What you should do:
Could every line of the listing be output exactly, with the pictures skipped?

Information provided:
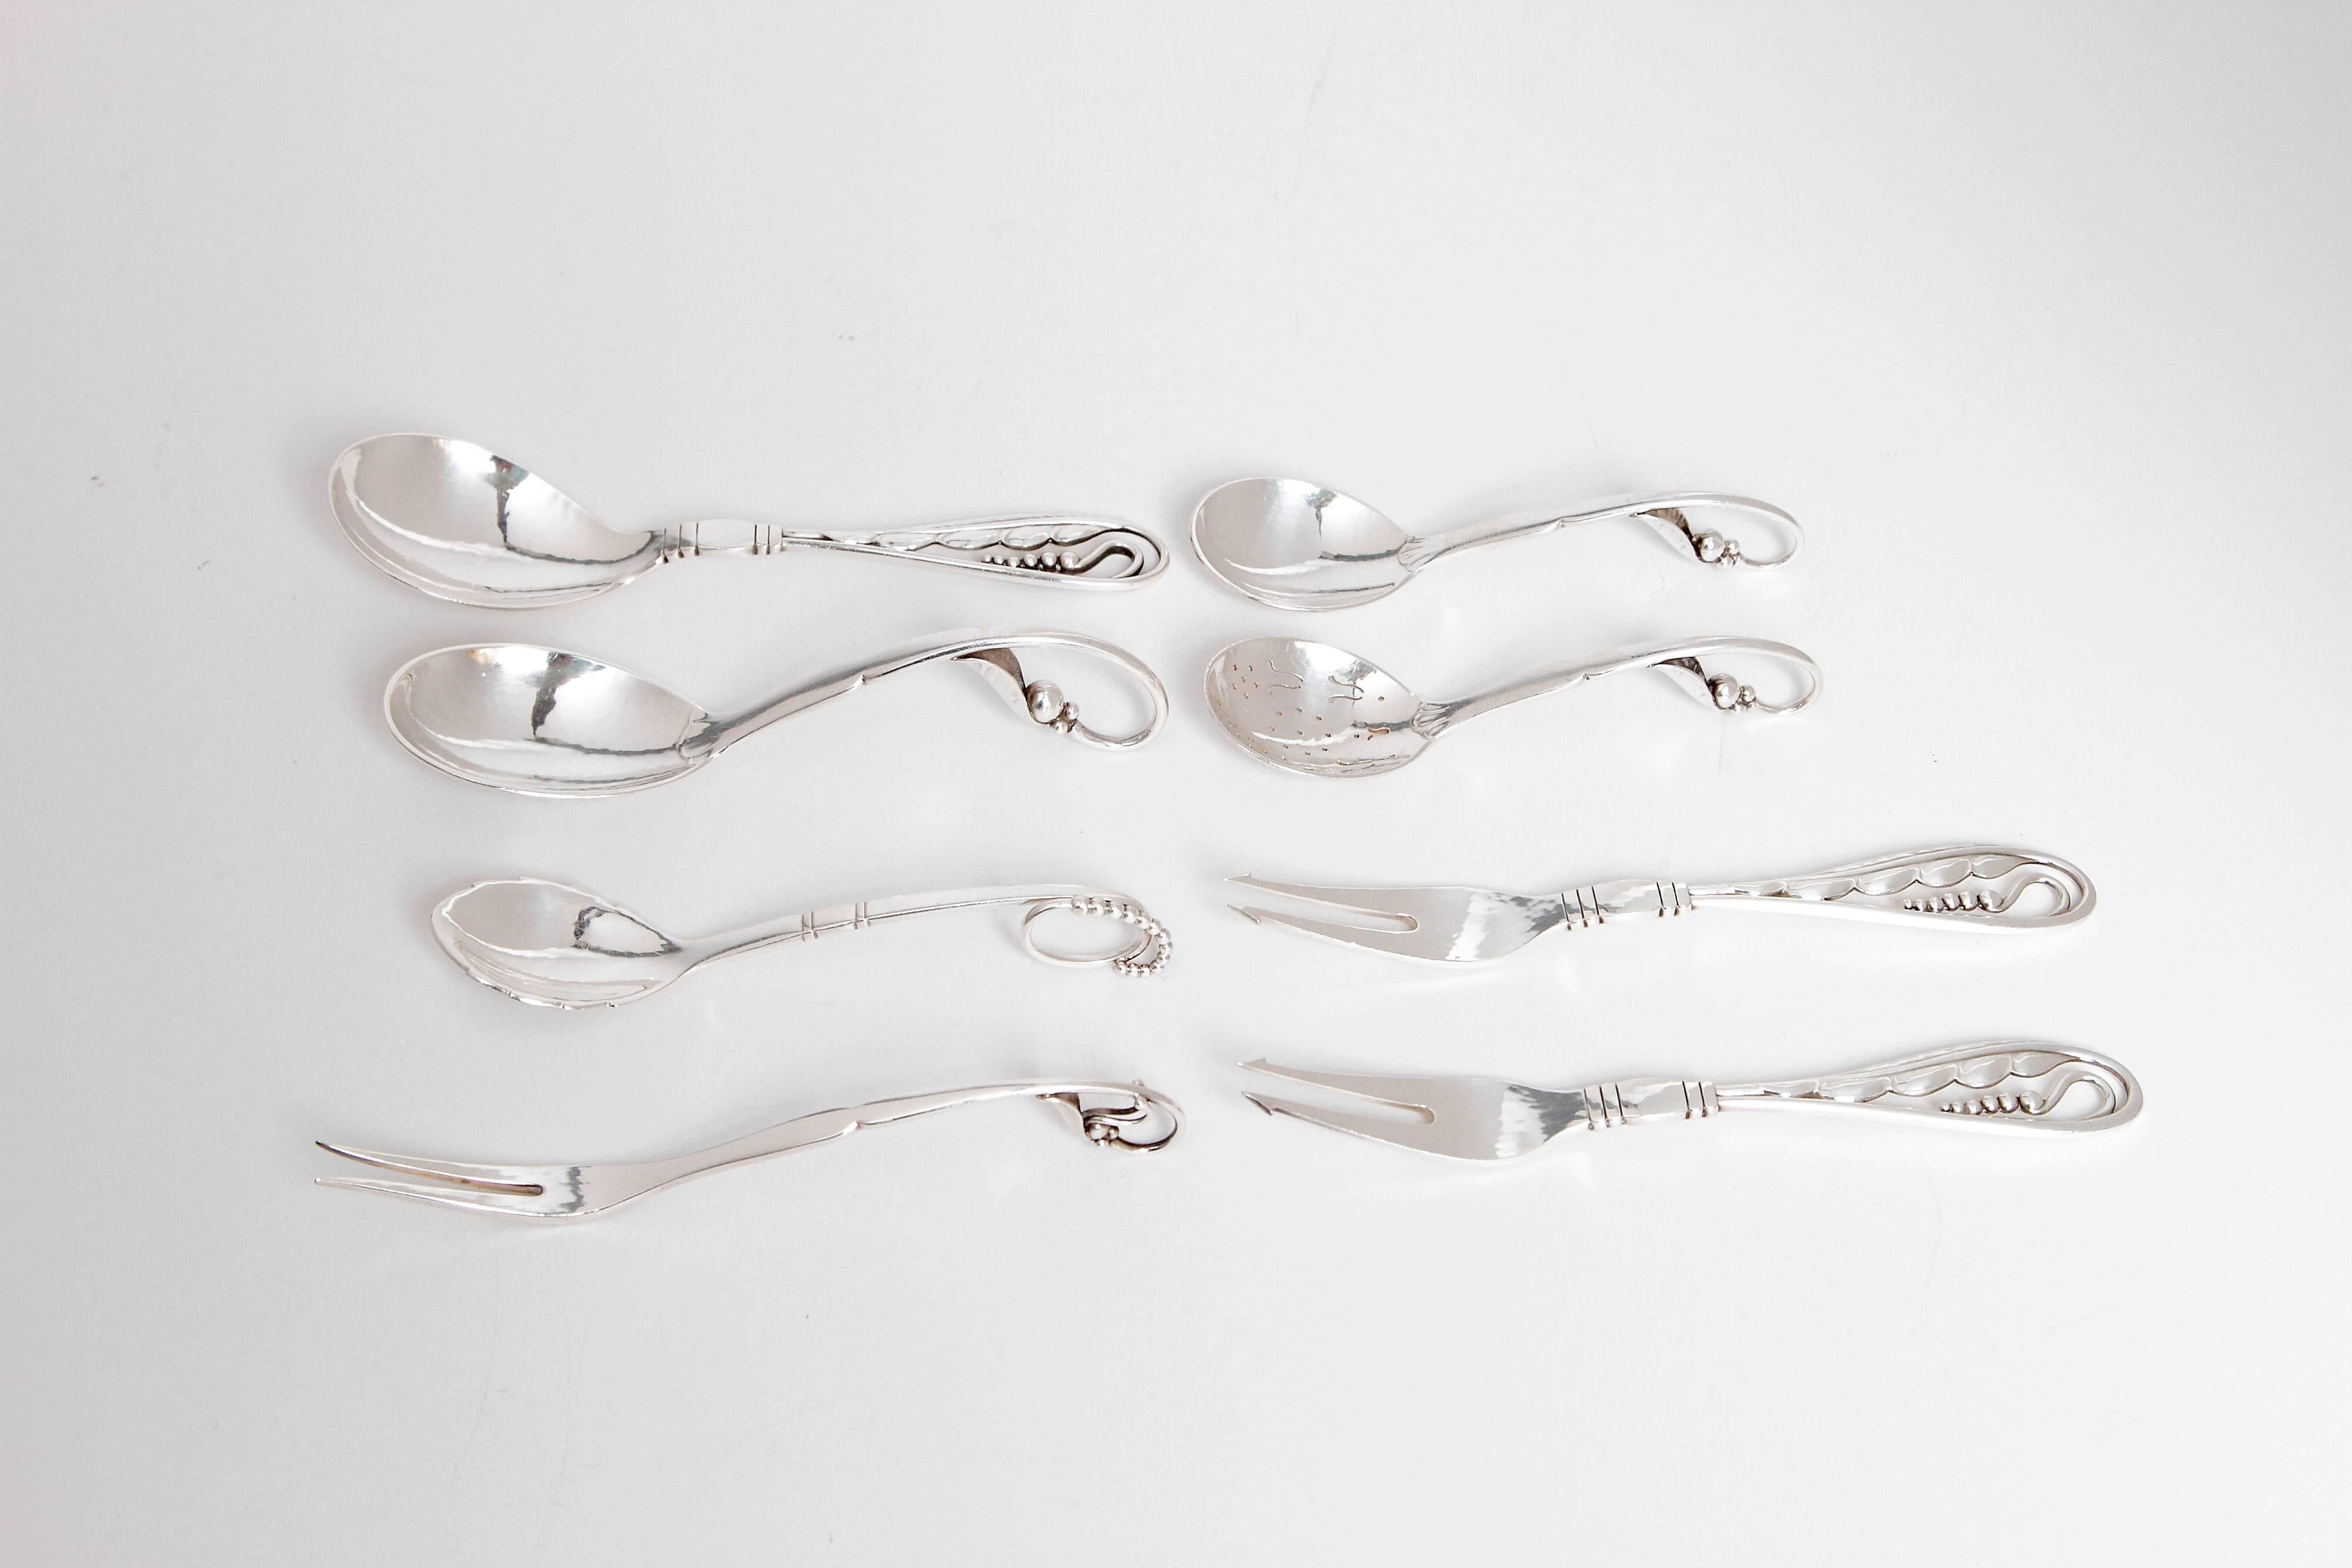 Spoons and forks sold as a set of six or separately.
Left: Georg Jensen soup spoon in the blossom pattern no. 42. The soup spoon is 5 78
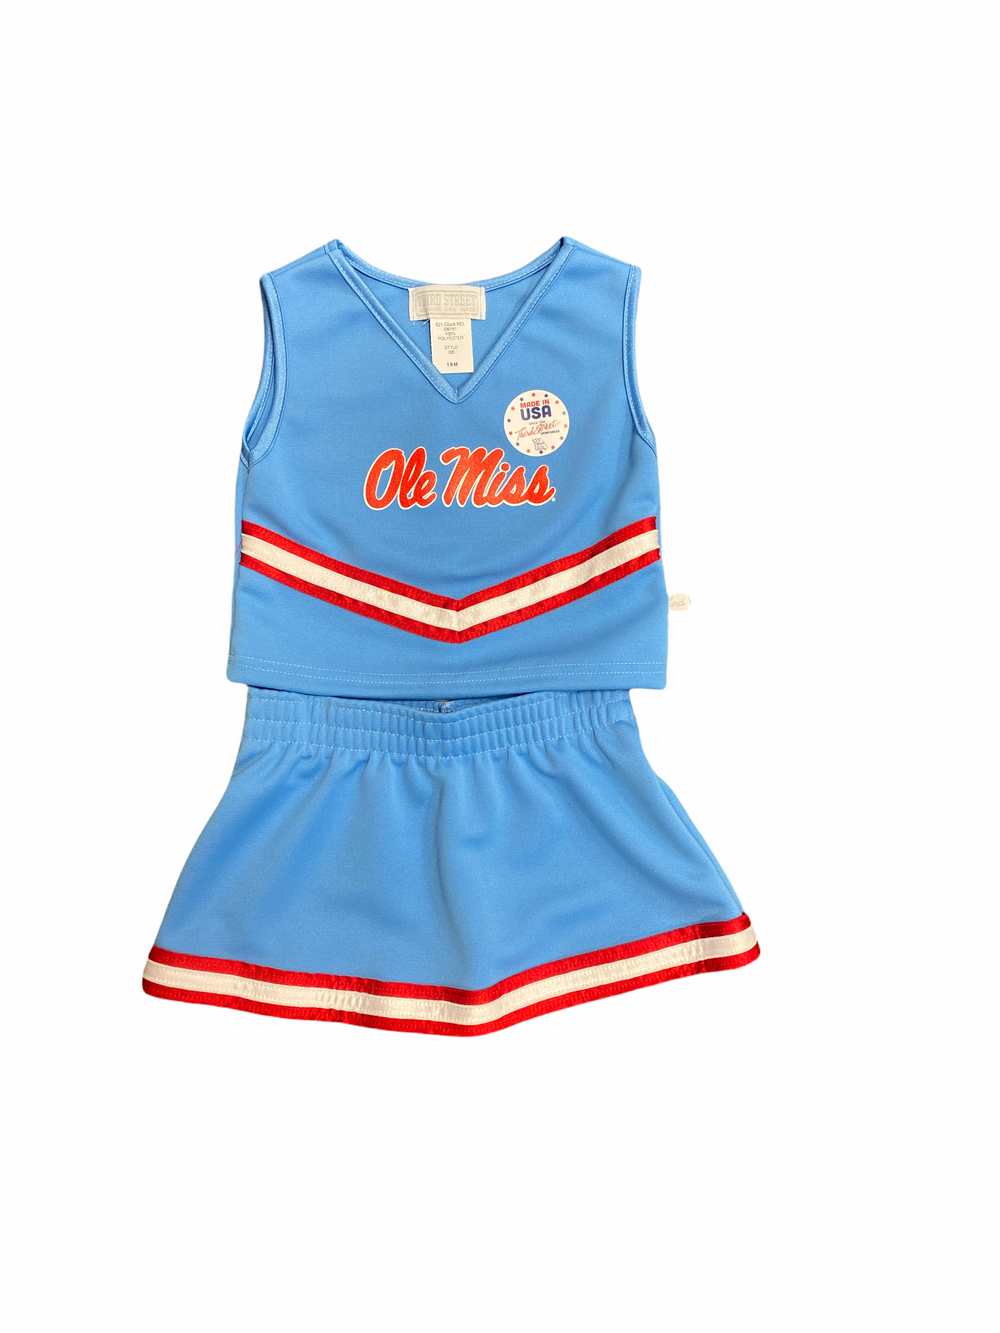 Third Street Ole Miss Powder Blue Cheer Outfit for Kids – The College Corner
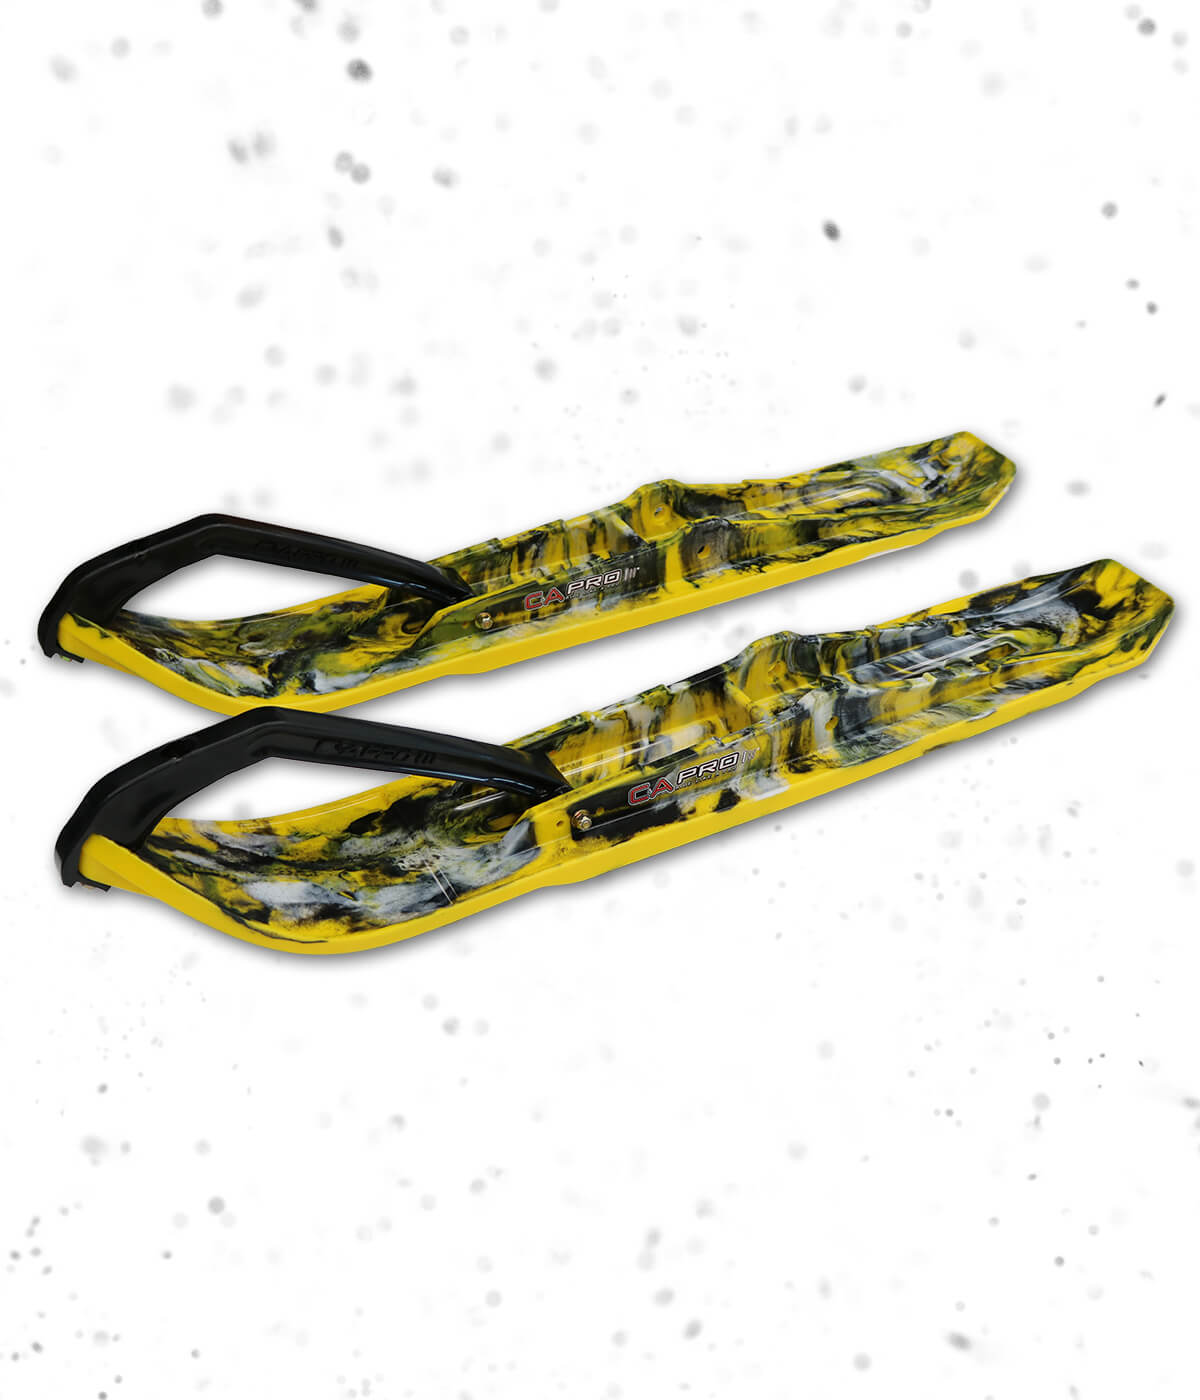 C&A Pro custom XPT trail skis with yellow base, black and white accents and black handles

Task result:
 Spoons and forks sold as a set of six or separately.
Left: Georg Jensen soup spoon in the blossom pattern no. 42. The soup spoon is 5 78
 Third Street Ole Miss Powder Blue Cheer Outfit for Kids – The College Corner
 C&A Pro custom XPT trail skis with yellow base, black and white accents and black handles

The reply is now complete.